Each line from the one containing "LOUIS VUITTON Damier" to the end of the entries below is to be set down exactly; the pictures are not.

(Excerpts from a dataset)
::::::::::

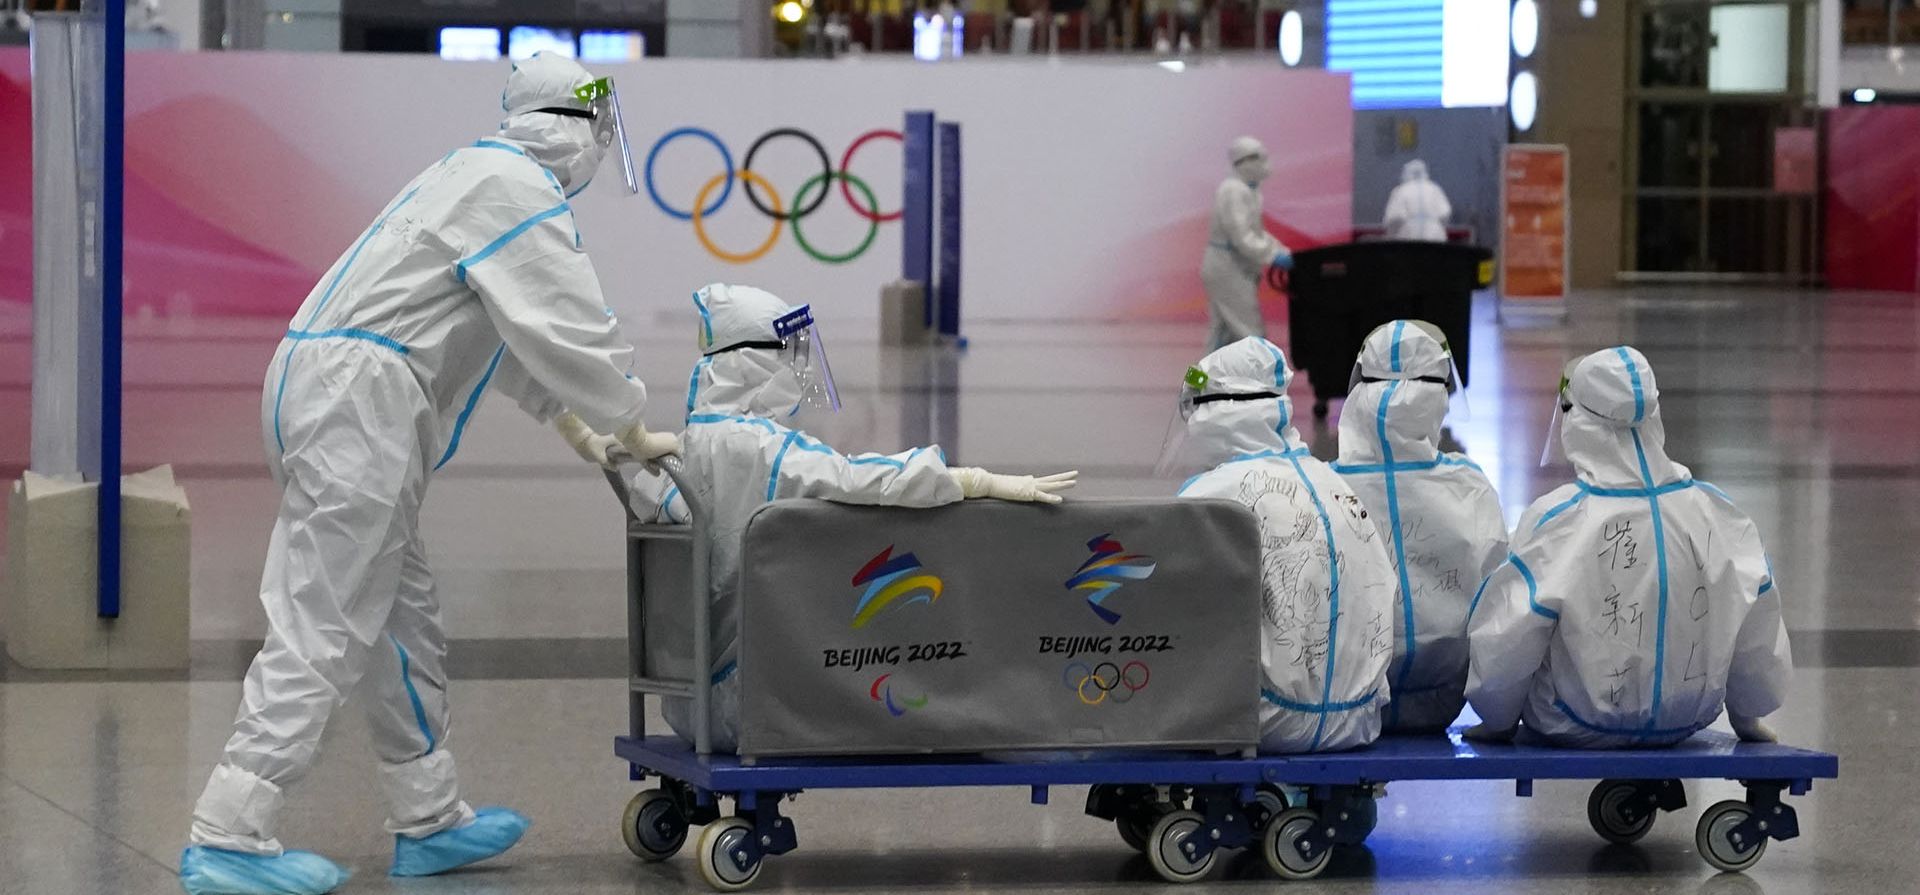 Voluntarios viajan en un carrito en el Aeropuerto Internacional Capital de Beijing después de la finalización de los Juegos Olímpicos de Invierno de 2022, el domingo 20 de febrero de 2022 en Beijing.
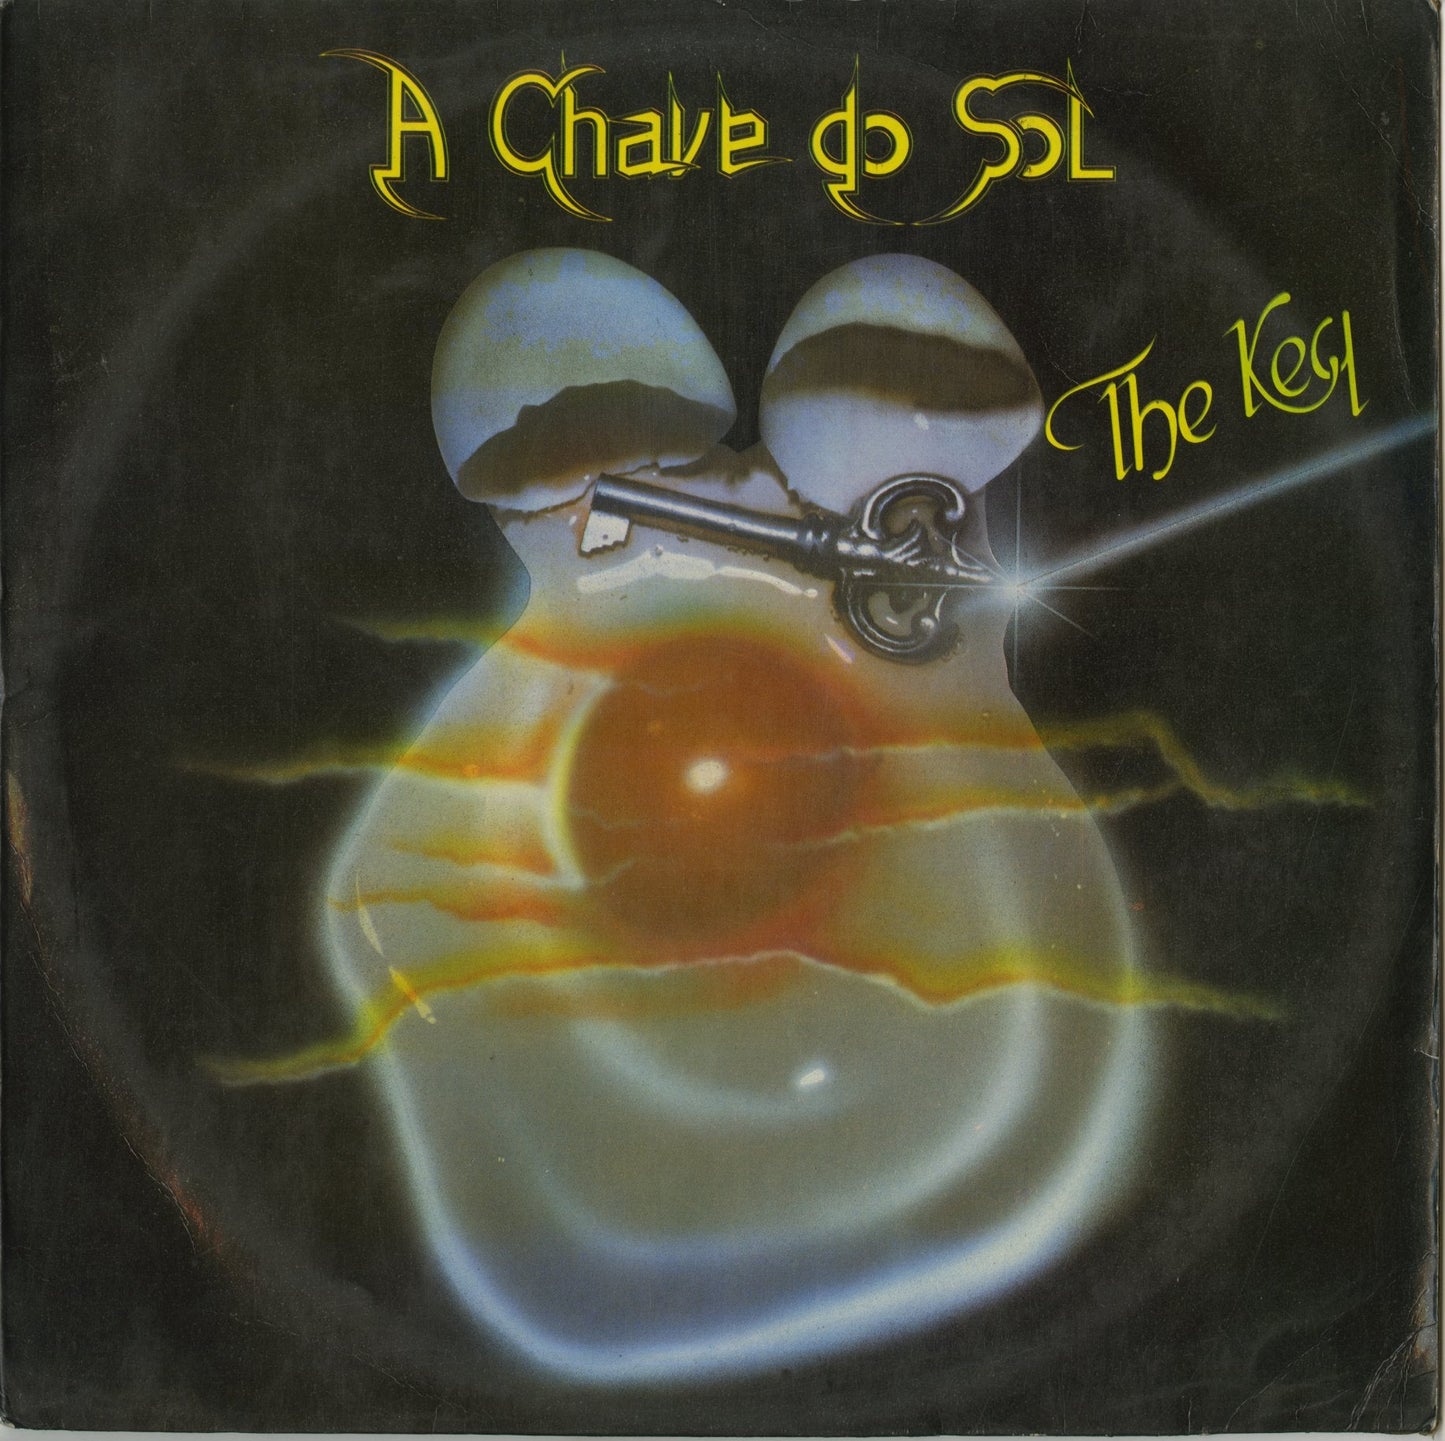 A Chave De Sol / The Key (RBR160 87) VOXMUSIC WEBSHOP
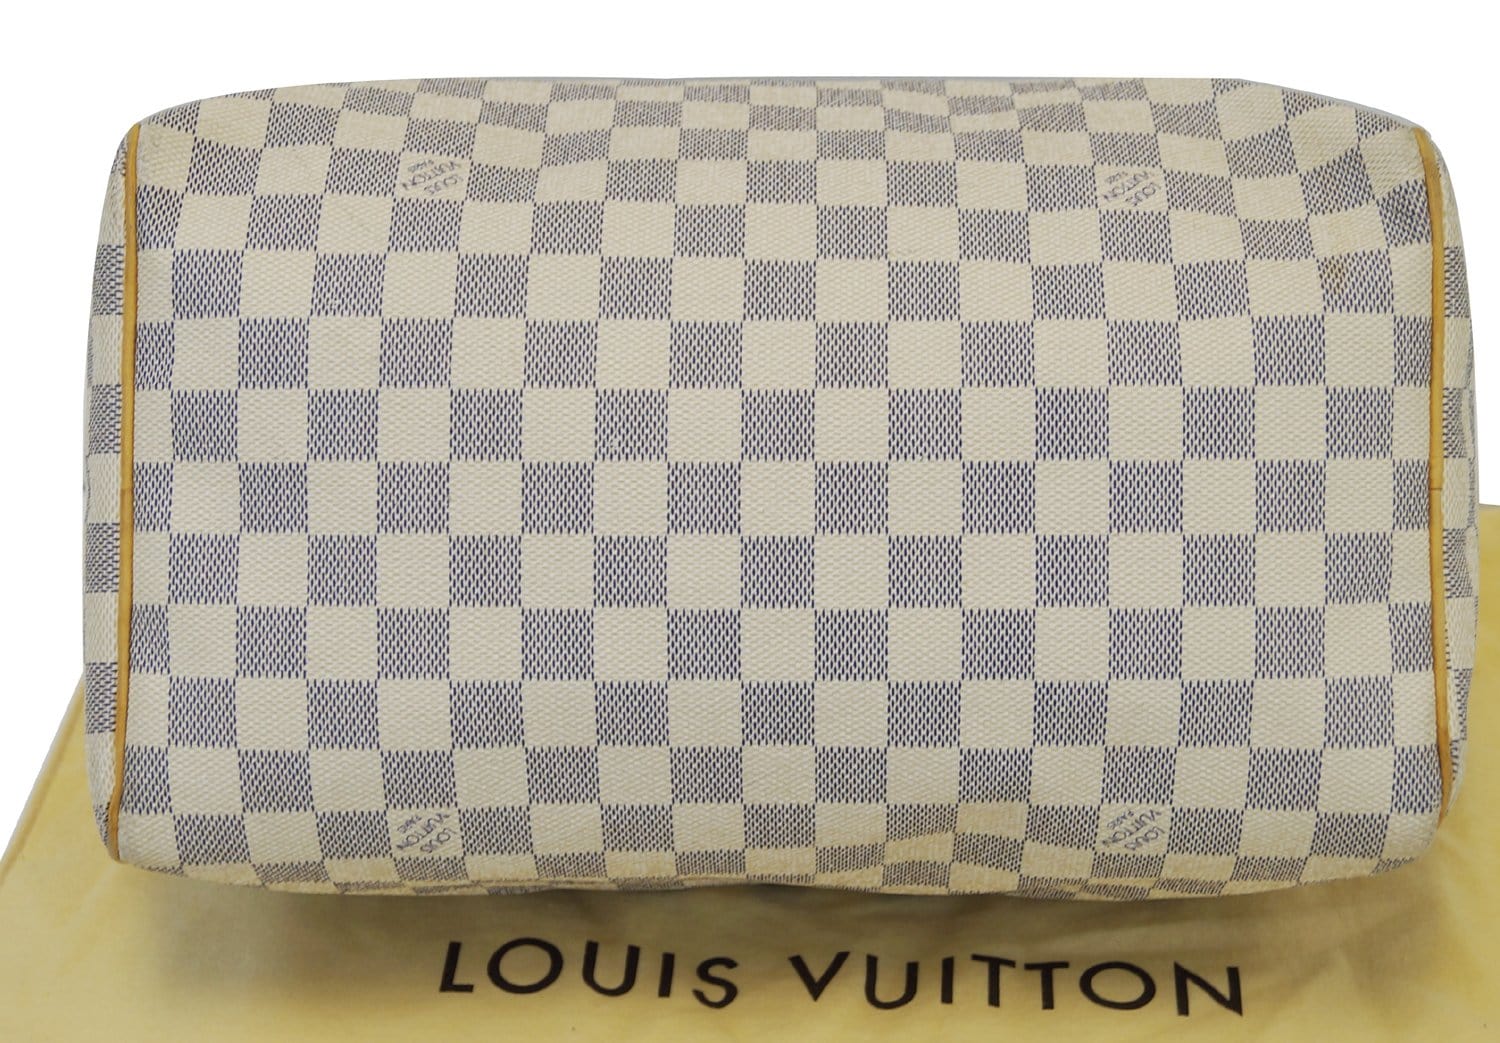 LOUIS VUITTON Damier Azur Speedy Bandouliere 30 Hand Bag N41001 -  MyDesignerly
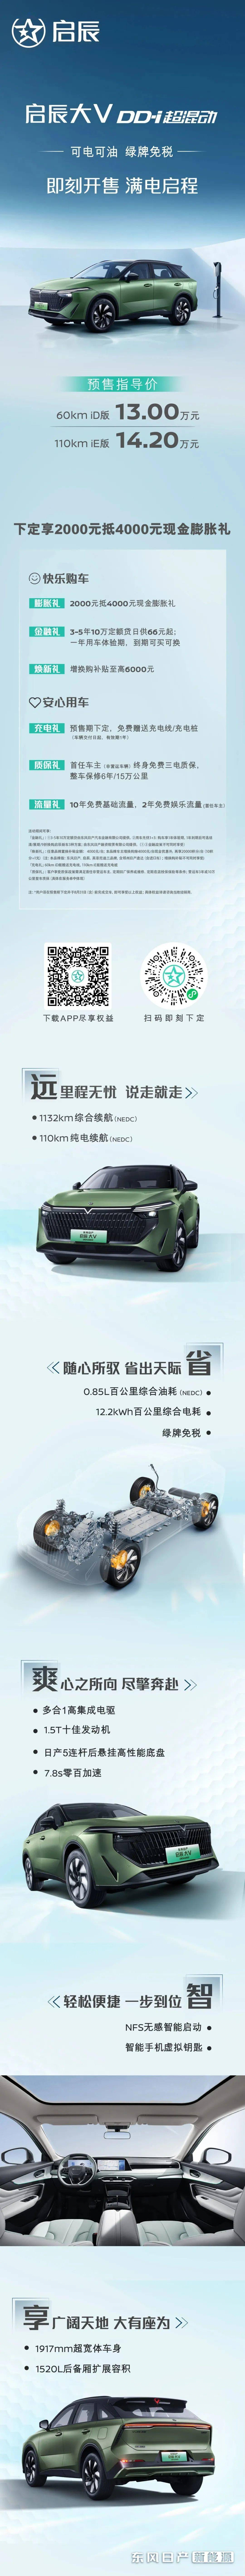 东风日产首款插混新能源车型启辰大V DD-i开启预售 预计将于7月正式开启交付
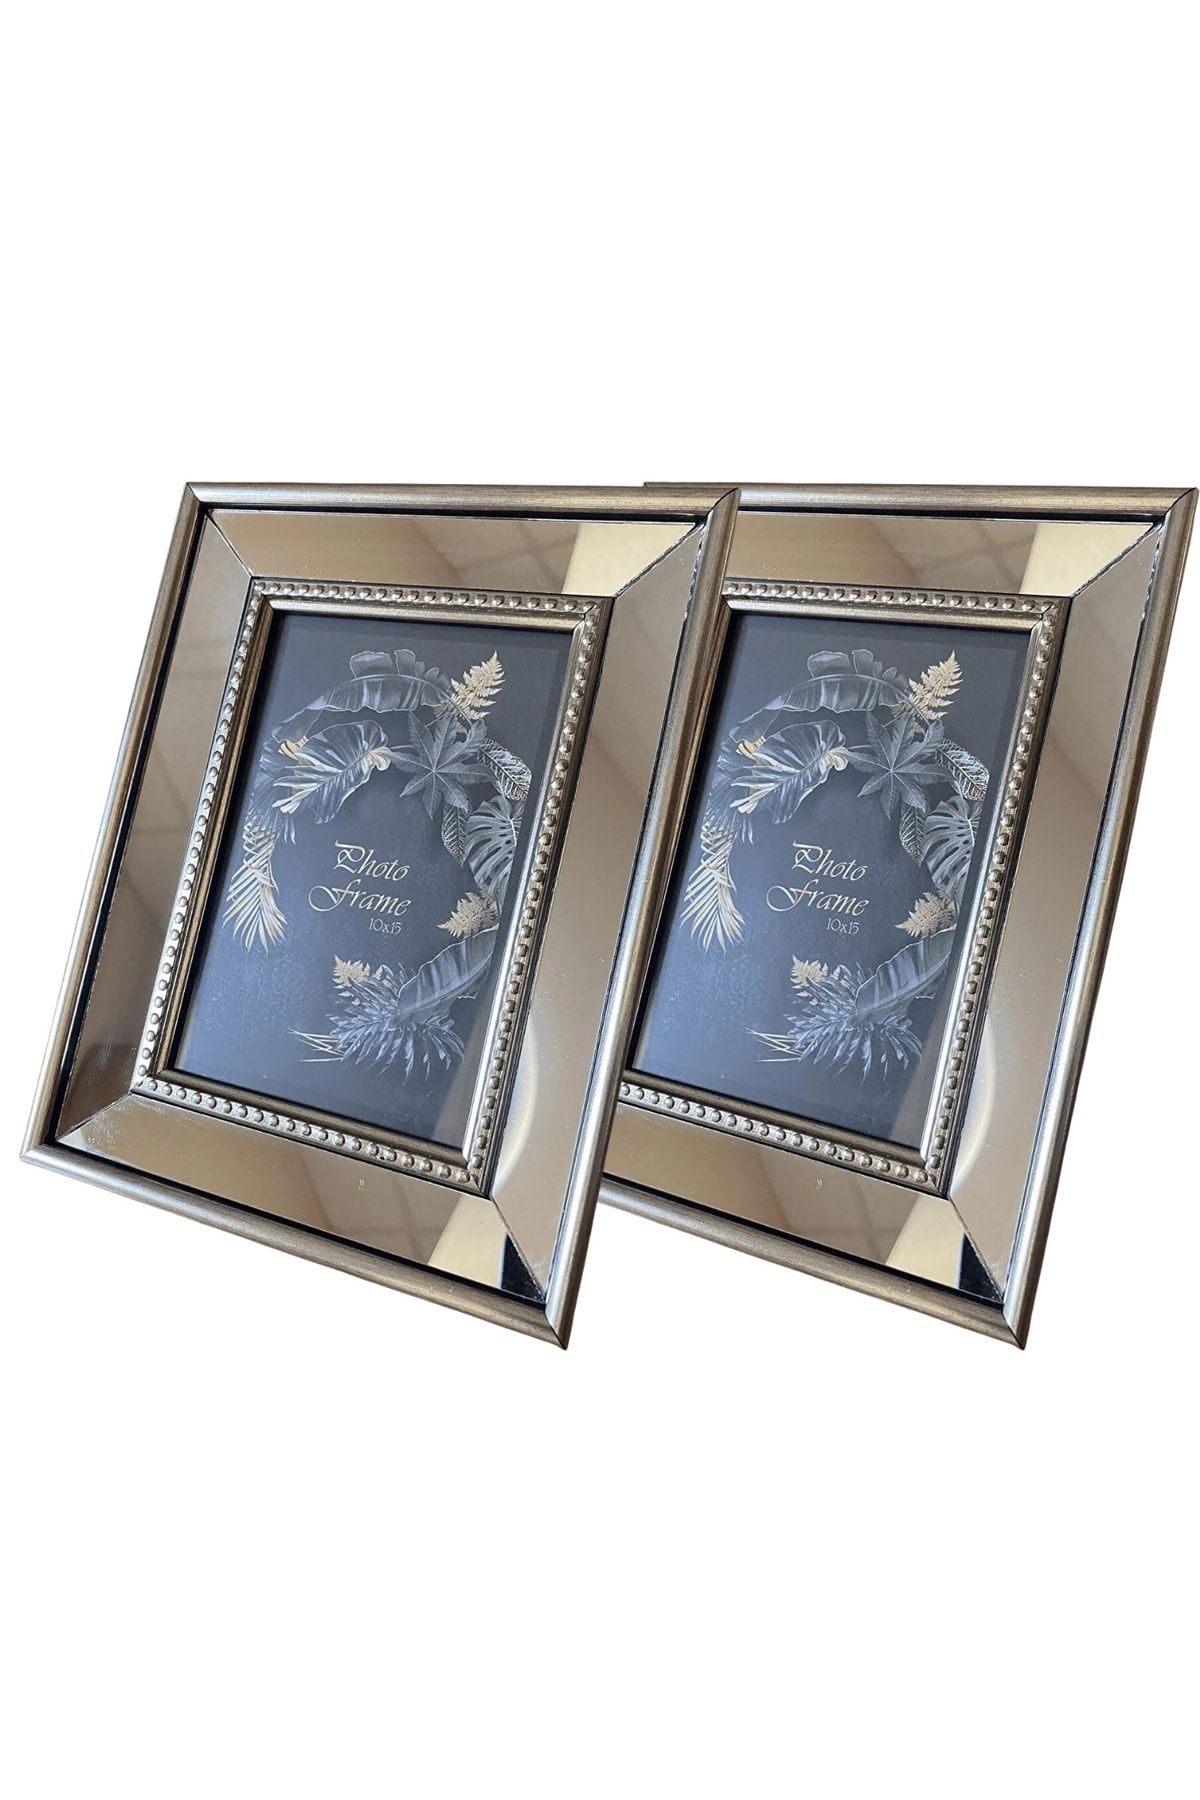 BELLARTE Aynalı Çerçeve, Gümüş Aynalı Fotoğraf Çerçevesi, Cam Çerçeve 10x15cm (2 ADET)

::::::::::

### Finished exercise
 LOUIS VUITTON Damier Azur Speedy Bandouliere 30 Hand Bag N41001 -  MyDesignerly
 东风日产首款插混新能源车型启辰大V DD-i开启预售 预计将于7月正式开启交付
 BELLARTE Aynalı Çerçeve, Gümüş Aynalı Fotoğraf Çerçevesi, Cam Çerçeve 10x15cm (2 ADET)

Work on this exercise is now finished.